I would like Boric to think about the 1976 Spain, when a left that had come from Marxism, such as Felipe González, comes from the Pact of La Moncloa, like Felipe González, and leads Spain to a fairly enviable level, say what the Spaniards say, which are otherswho do not know how to understand their past.The great challenge for Puerto Ric is inventing the Puerto Ric.He has only to turn inside himself, to the lessons of the twentieth century, to Chilean history and realize that there is no exit to the left in populism or dictatorships, but in democracy.And I would like to mention something that has to do with his international speech.I do not like Bored to have talked about Israel as a genocidal state.I come from a family of Polish Jews and I have many dead in my family to not feel pain when a young man like him has to use such words that cannot be used.I am a vero critic of Israel's policy regarding the Palestinians, I am since 1976, that is clear.Always from the return magazine we insist on the need of the two states, we insist even on the return of the occupied territories, we insist that the occupation policy was going to lead to an unrestrably, inadmissible situation in terms of human rights, of Apartheid in a certain form.But we cannot close our eyes to the tragedy of the Jews in the twentieth century and precisely because I do not close it to Mr. Kast who has not spoken openly- if he spoke, I retract- as many children of officers of the German army, saying clearly sayingthat it was the most atrocious death machine that humanity has created.For this reason, I tell Mr. Boric, that one thing is to have a clear position in defense of the causes of freedom and justice in the Middle East and another thing is to attack Israel with words that Hugo Chávez would use.Do not forget the twentieth century Mr. Boric.They did not go to Israel for the weekend, they were refugees who had nowhere to go after the death of six million people, including 1 million children.I am not an orthodox, not even a believer, or nationalist, or ritualist, I am a Mexican and Latin American writer first of all.Therefore, I call him to reflect on that.
He believes that there are, as we say here in Chile, a certain "goodism" in a sector of the left that sometimes leads them to look excessively naivety some issues.

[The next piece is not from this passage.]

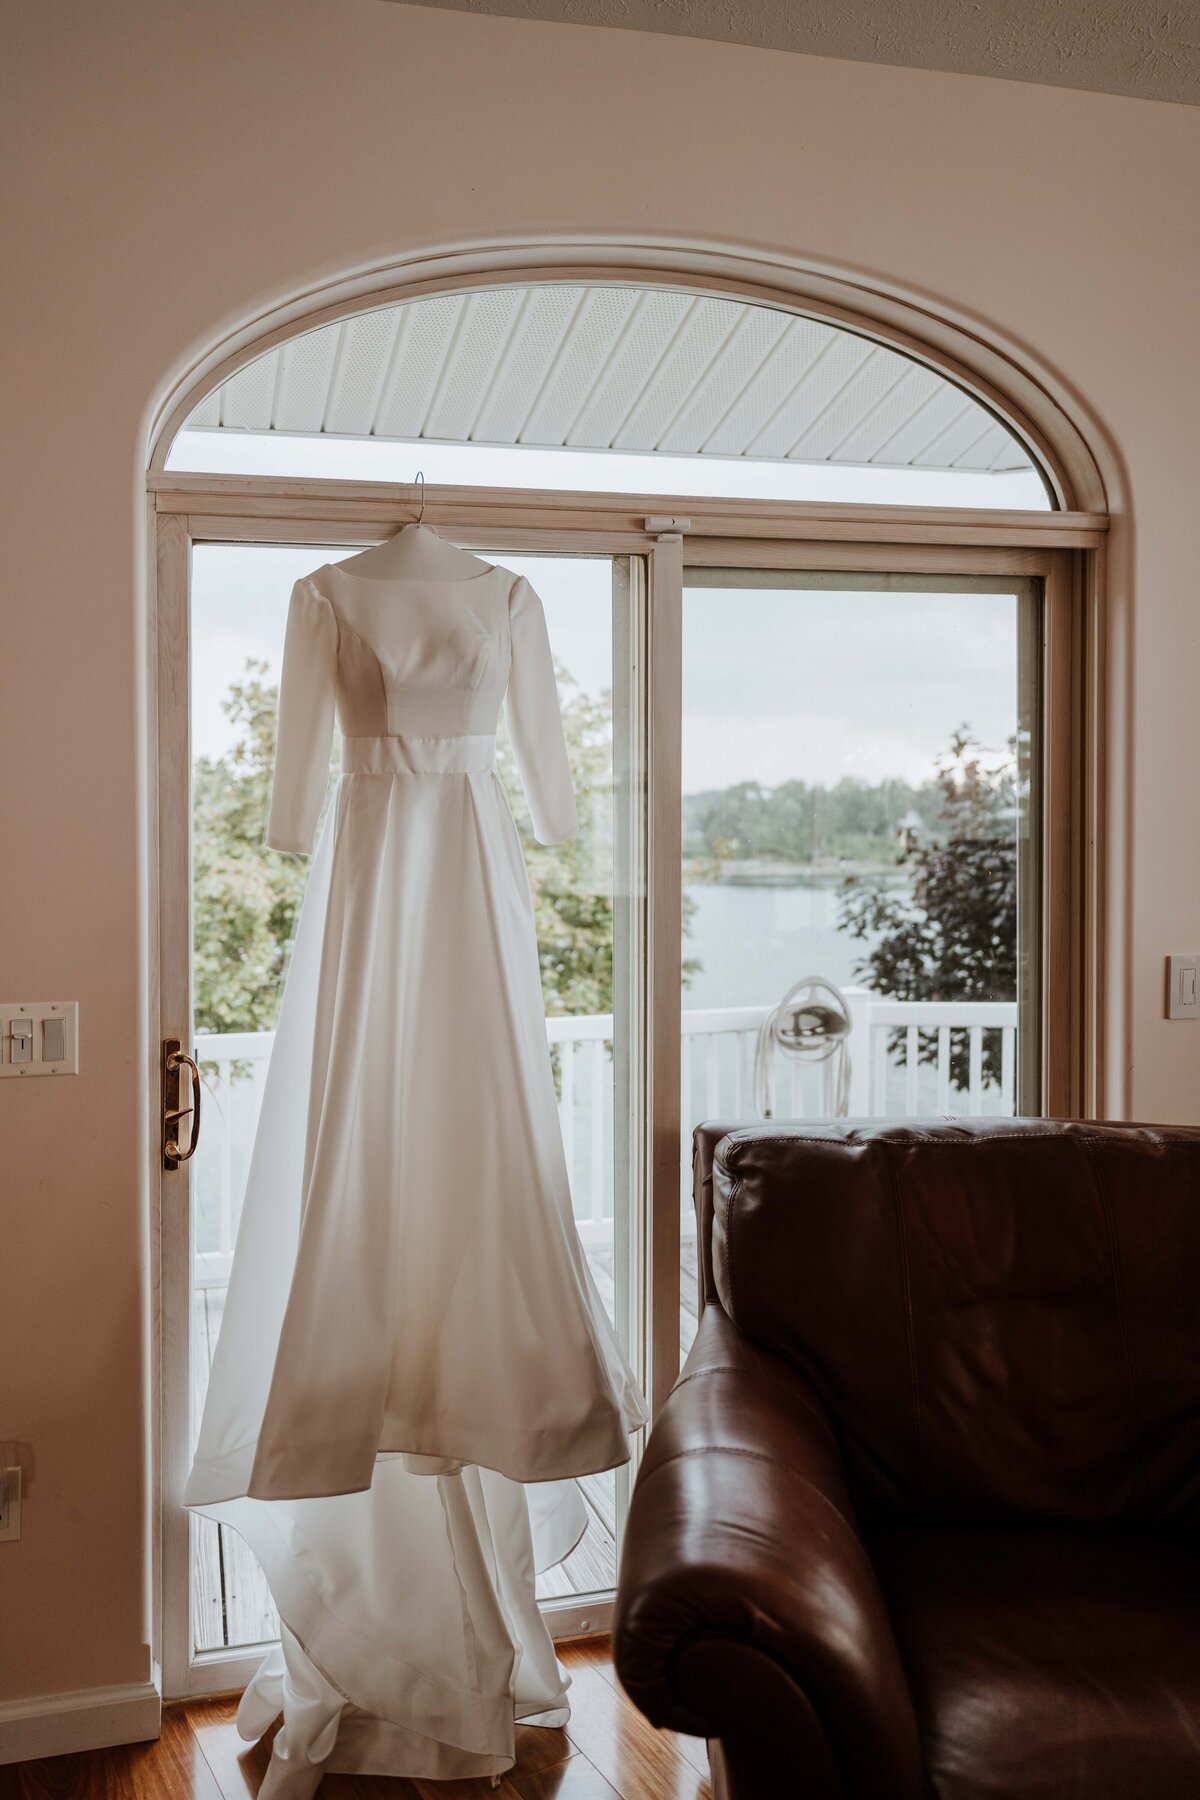 Wedding dress hanging in a glass sliding door.

That word that I had not heard is very good.The word "goodism" is a very good word.Hegel spoke of beautiful souls, who are souls in love with their own moral beauty, as if they were seen in the mirror every morning and said "I can barely believe my own goodness".Well, no.You are made of an imperfect paste like all.Politics is rude, it is made of the imperfect matter that we are human beings.My suggestion is reading Max Weber, the politician's vocation, that is the great lesson of the twentieth century that the twentieth century forgot.No, the road is not in the falling of itself and in the easy slogans of the good and bad, it is in responsibility, in the measurement, in social engineering.Increase taxes, very well, but not to gain weight the State, but to make a more effective state that really serves the most needy, not the State itself.There are great lessons of the twentieth century that Mr. Boric can take advantage of.
What advice would I give him Boric?
If I could send him a message he would send him this: Congratulations President Boric, that his management refutes in the 21st century the horror of the twentieBoric Twitter has an Albert Camus appointment.Mr. Boric, if you really read Albert Camus we are facing a new left in Latin America.
Comenta
Please log in to the third to access the comments.